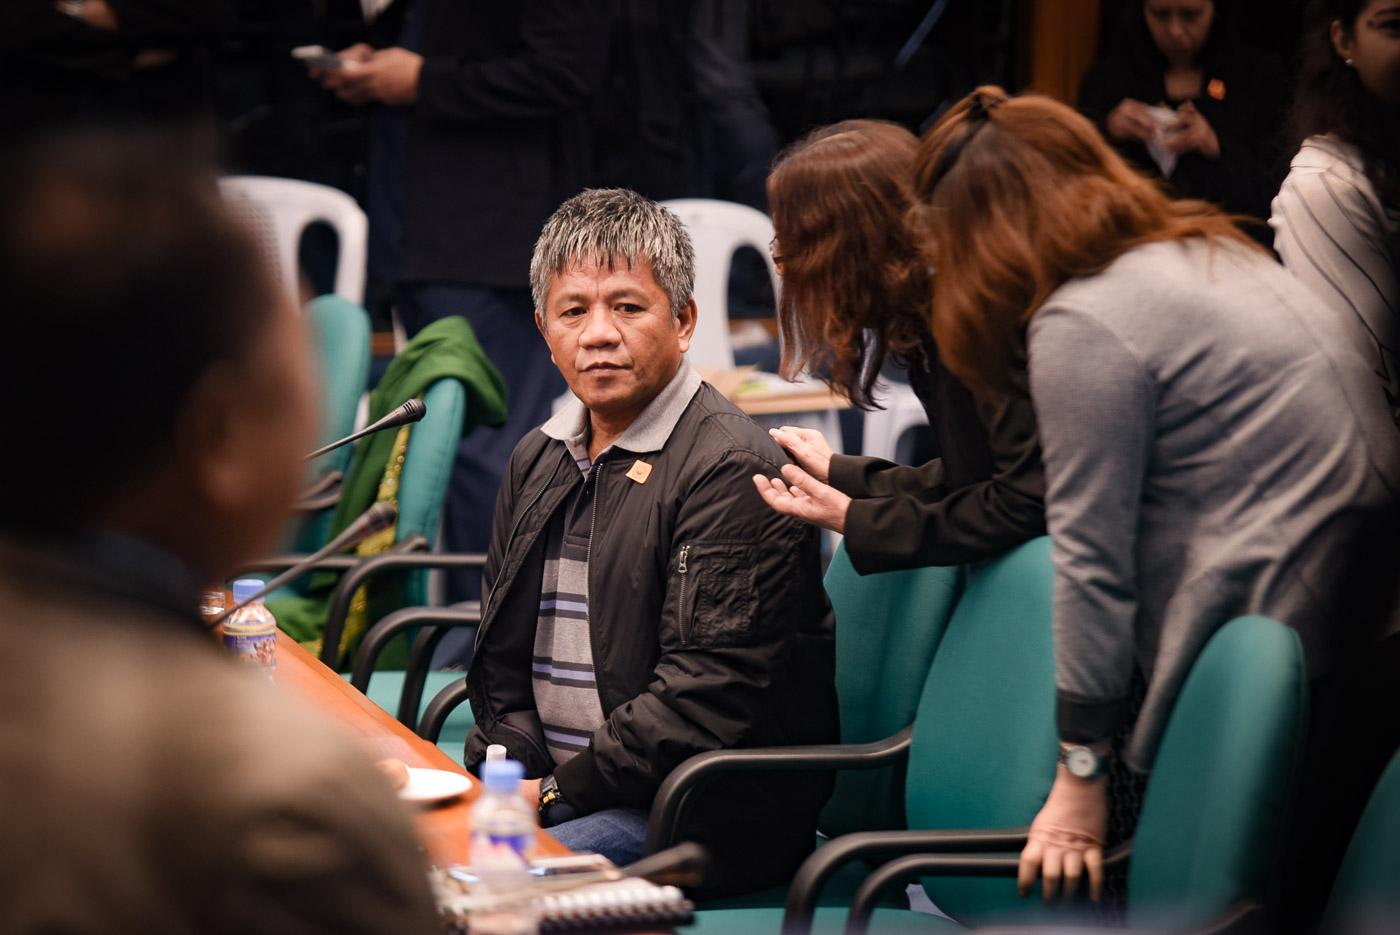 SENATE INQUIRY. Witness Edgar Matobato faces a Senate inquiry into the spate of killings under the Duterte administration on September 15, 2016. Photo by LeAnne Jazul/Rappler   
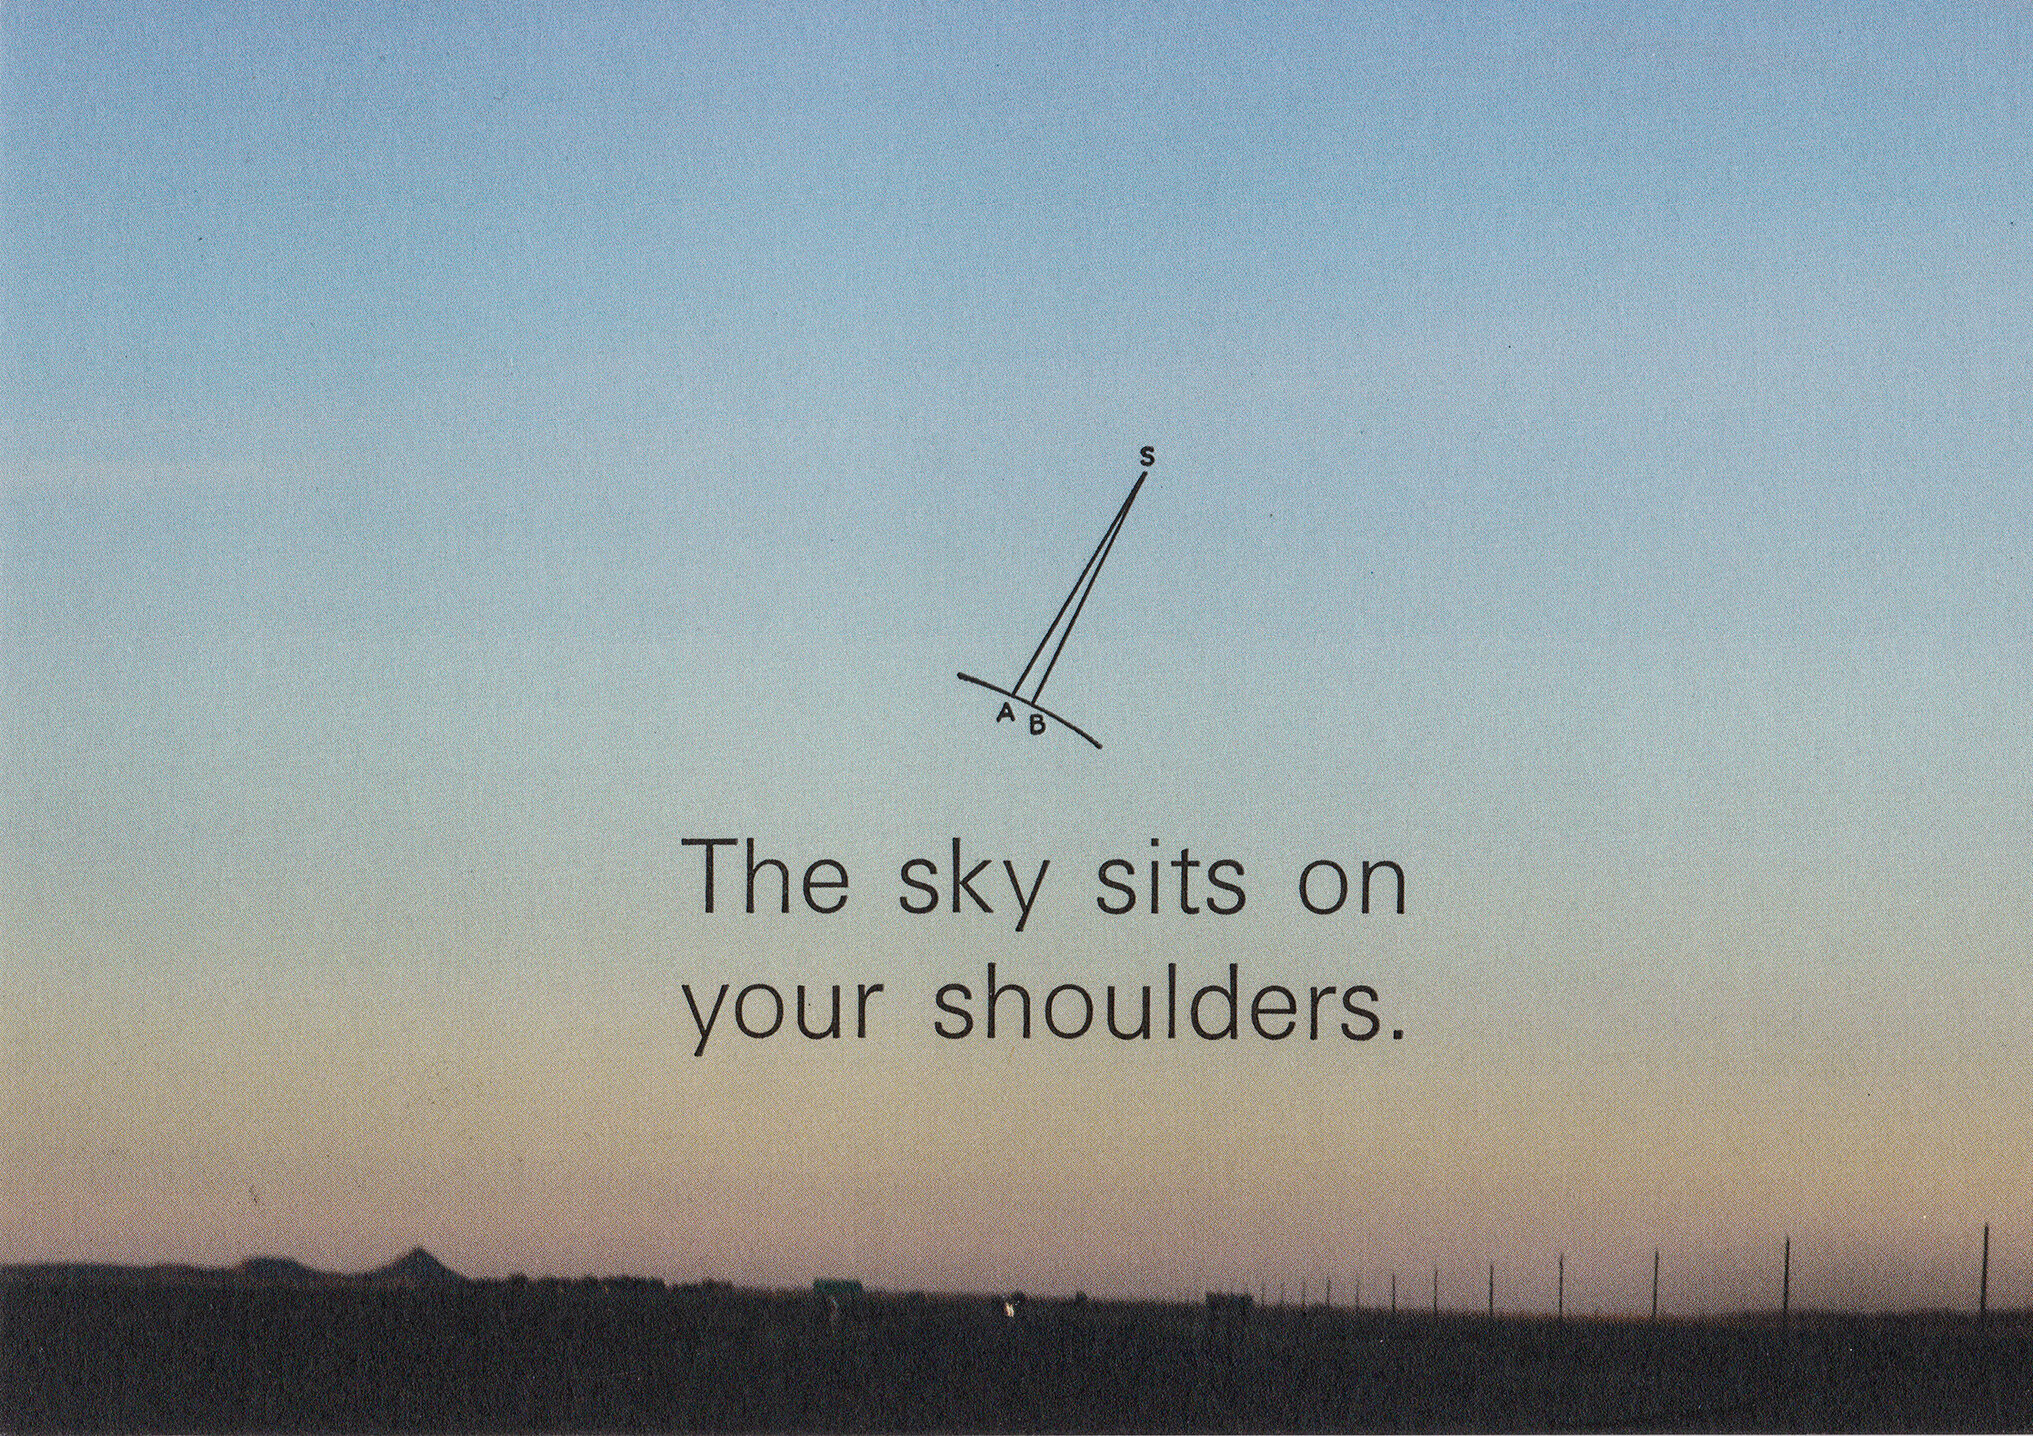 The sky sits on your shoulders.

--------

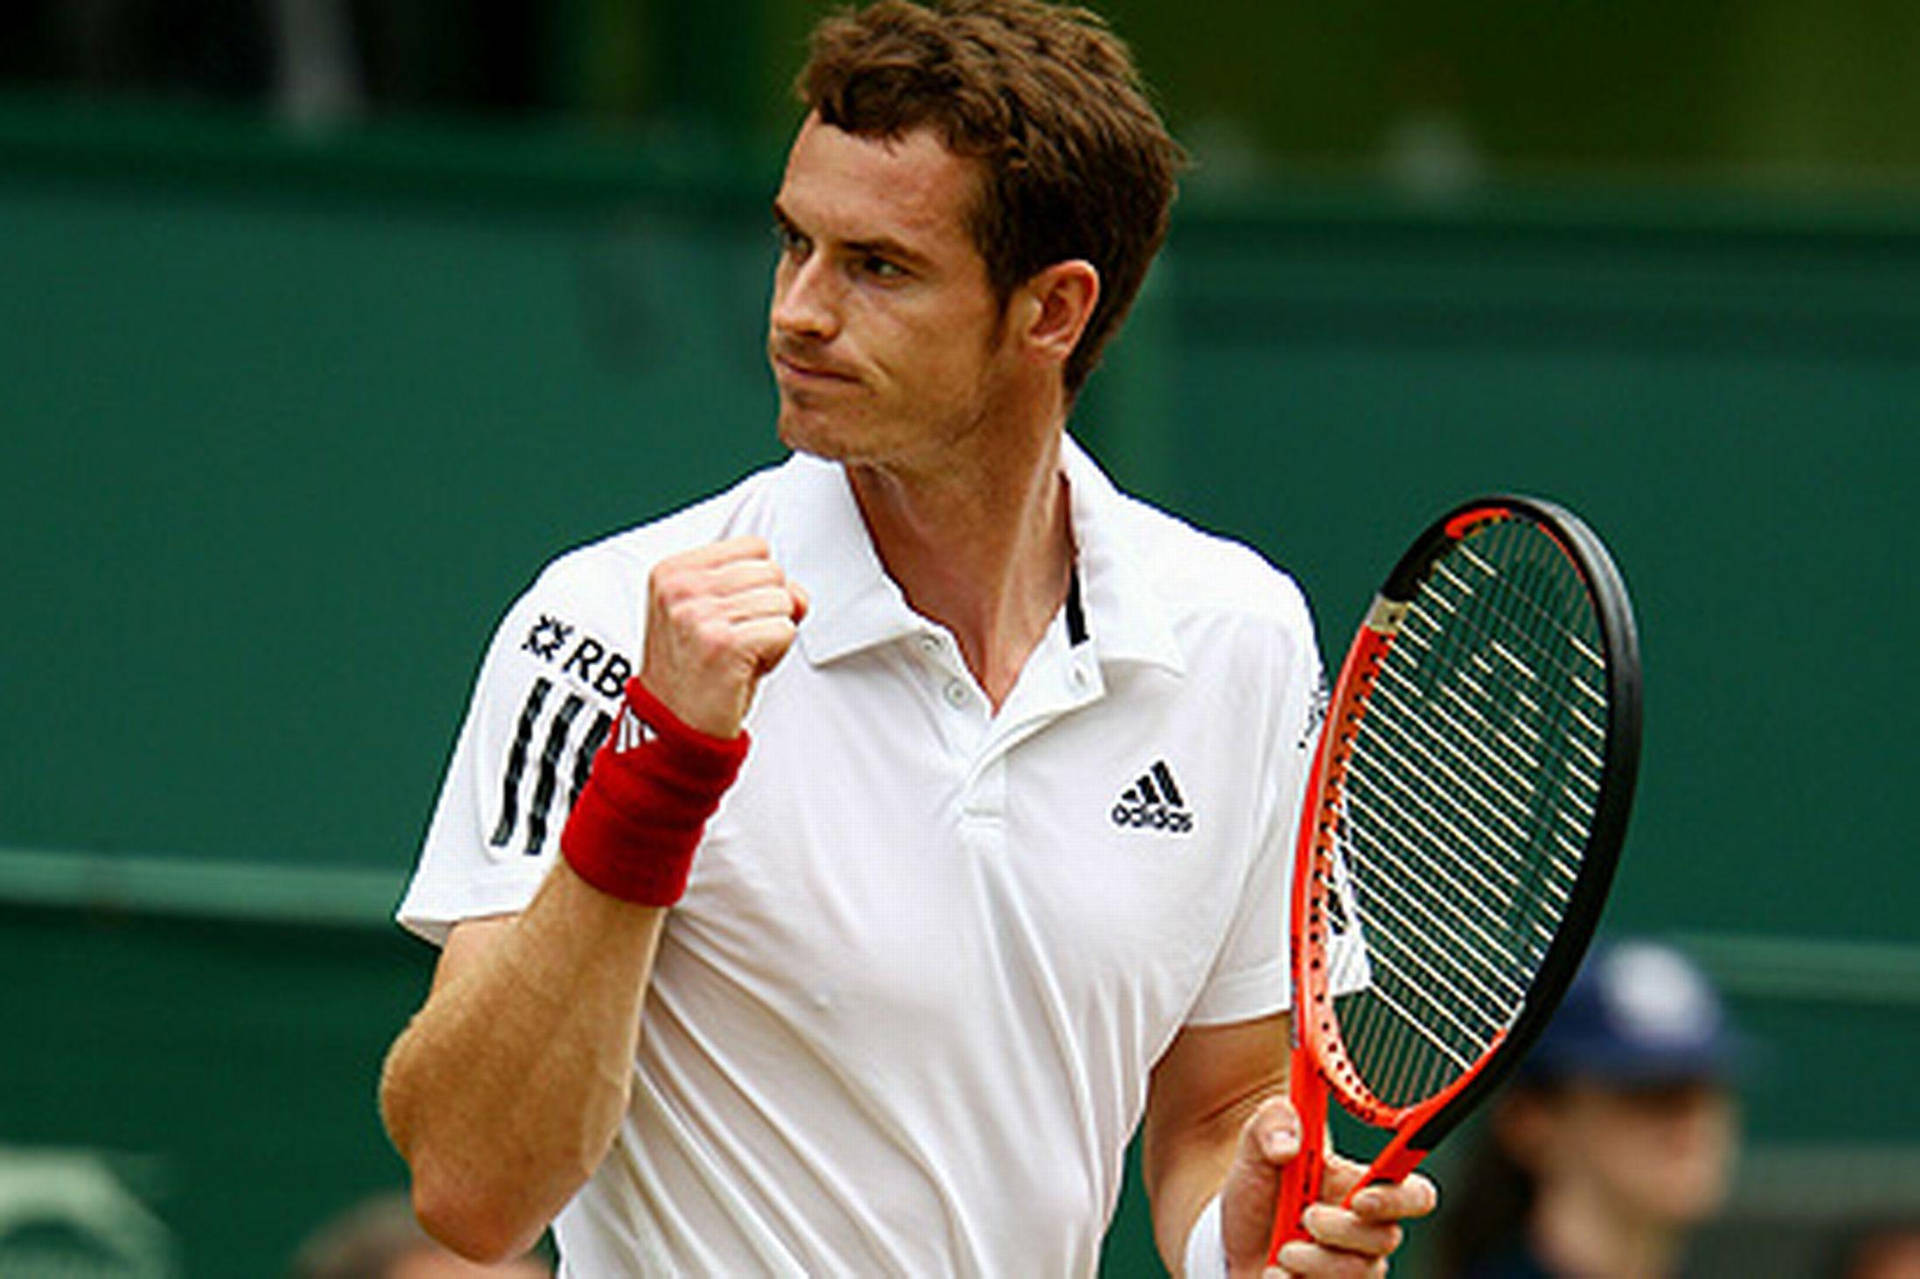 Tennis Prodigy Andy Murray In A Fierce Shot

--------

● **The task**
Set the pictures aside and retype exactly the lines above from the line with "SENATE INQUIRY. Witness" to the line with "The sky sits on your shoulders.", both included, adding no others.

● **Response area**
 SENATE INQUIRY. Witness Edgar Matobato faces a Senate inquiry into the spate of killings under the Duterte administration on September 15, 2016. Photo by LeAnne Jazul/Rappler   
 The sky sits on your shoulders.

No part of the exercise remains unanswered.